Opponents of the project packed the City Council chambers and overflowed into a lobby and an adjacent hearing room. They erupted in cheers after the Council vote and said they hoped the vote signaled a change from the city’s longtime reliance on heavy industry. 

“This is a major shift,” said National City resident Cindy Quiñonez, who serves on the city’s traffic commission. “We’ve had a lot of lip service for environmental justice, for providing housing and bringing new businesses for the city…The talk is there but the walk has never happened till tonight.” 

Councilmembers echoed Quiñonez’s statement. Luz Molina, whose west side district would have included the project, said the city already struggles to regulate existing industrial businesses and needs to pivot toward a cleaner economy. 

In an interview following the vote, Molina said she and other councilmembers are pinning their hopes on a planned transformation of part of the city’s waterfront. Plans call for a visitor-friendly district incorporating an expanded bayfront park, an aquatic center, a marina, restaurants and several new hotels. 

“This is the portion [of the waterfront] that we have the greatest ability to do actual true economic development and drive revenues for the city,” Molina said. “This sliver…is on momentum for revitalization.” 

Councilmember Marcus Bush urged residents and environmental advocates who attended Tuesday’s meeting to extend the passion they had shown for defeating the fuel transfer station to an ongoing effort to take on other polluters, including Port of San Diego-bound truck traffic on Interstate 5 and cargo operations at the port’s National City Marine Terminal. 

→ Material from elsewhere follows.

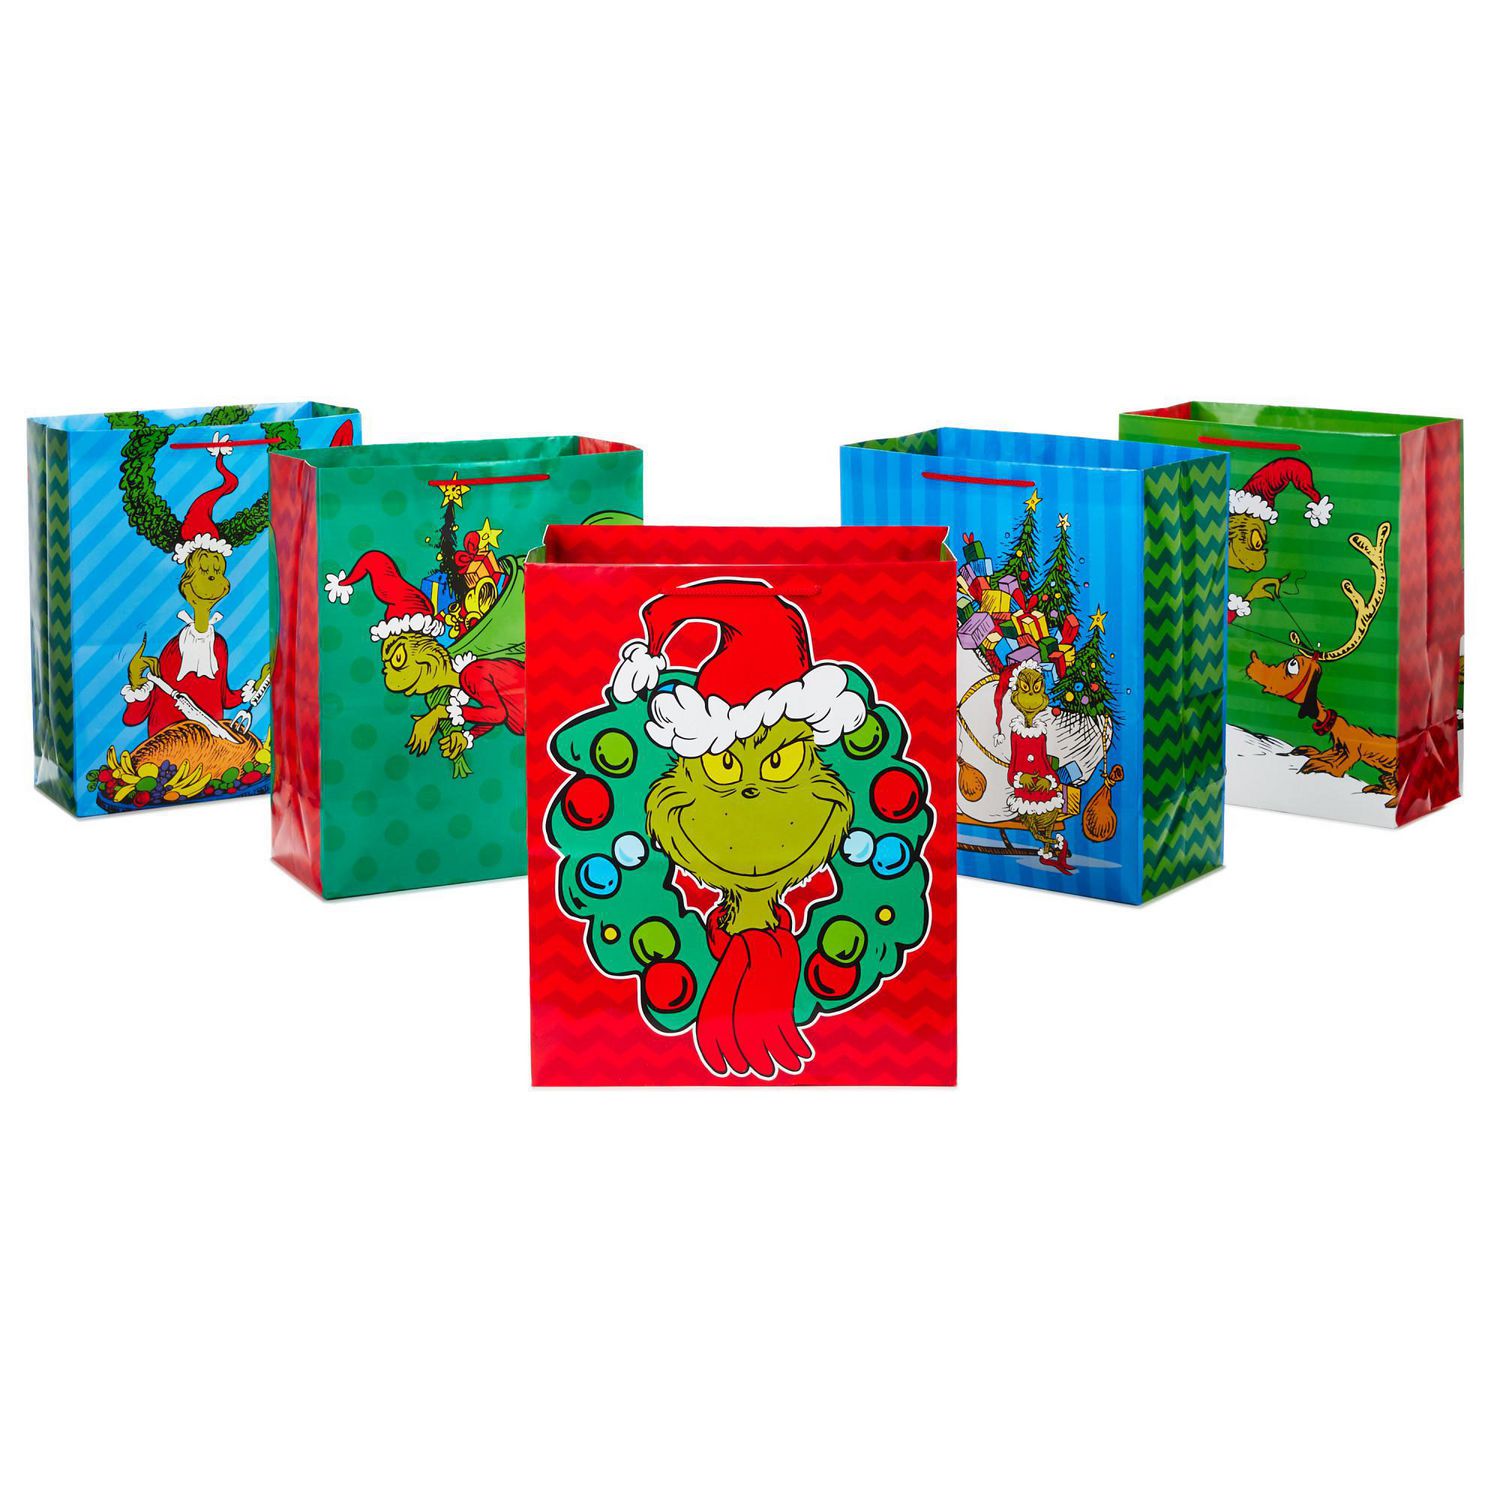 The grinch gift bag

Bush said next on the city’s agenda should be pushing the port to finalize a long-sought land use plan that would expand the city’s waterfront access and enable more economic development near San Diego Bay. 

Bush said he expected the plan, called the National City Balanced Plan, to appear before the California Coastal Commission later this year. 

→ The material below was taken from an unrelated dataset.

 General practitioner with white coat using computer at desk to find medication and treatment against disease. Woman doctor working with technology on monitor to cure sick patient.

If the plan gains Commission approval, its final regulatory hurdle, “We can become more attractive as a destination and build hotels and generate more revenue,” Bush said. “I need to see more of the people who came [to oppose the transfer station] fighting for that.” 

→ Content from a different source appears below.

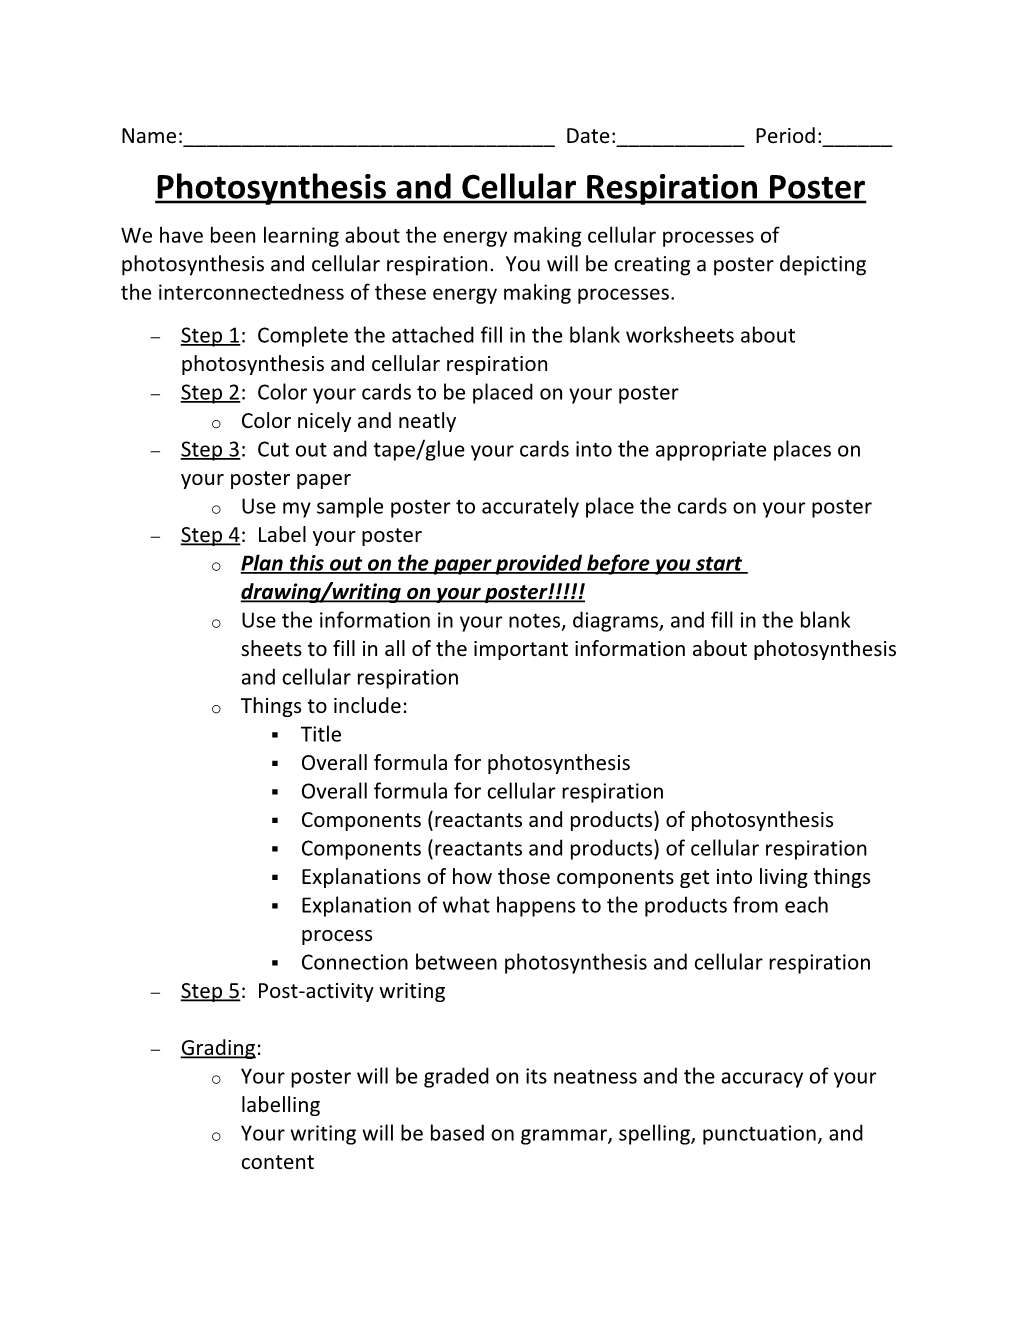 Photosynthesis and Cellular Respiration Poster

A port spokesperson said port officials share National City’s desire to rebalance waterfront land uses and have worked hard to secure necessary permits and ensure both city residents and port tenants benefit from planned changes. 

“The port’s dedication to seeing this plan through has never changed,” the spokesperson said in a statement. 

Tuesday’s City Council vote came as city leaders have begun looking ahead to next year’s mayoral race, in which Morrison is widely expected to square off for re-election against Councilmember Jose Rodriguez. 

Rodriguez declared his candidacy earlier this year. Morrison said in an interview this week he is still weighing whether to run. Political observers expect a major theme of the campaign to be the city’s economic future as it wrestles with a budget deficit and seeks to turn the page on its industrial past. 

At Tuesday’s Council meeting, Rodriguez and Morrison were in rare agreement that National City’s days as what Rodriguez called an environmental “sacrificial lamb” were over. 

“We had leadership in the past that didn’t think about the long-term consequences” of heavy industry, Rodriguez said. “It doesn’t make sense for our community to take the hit again.”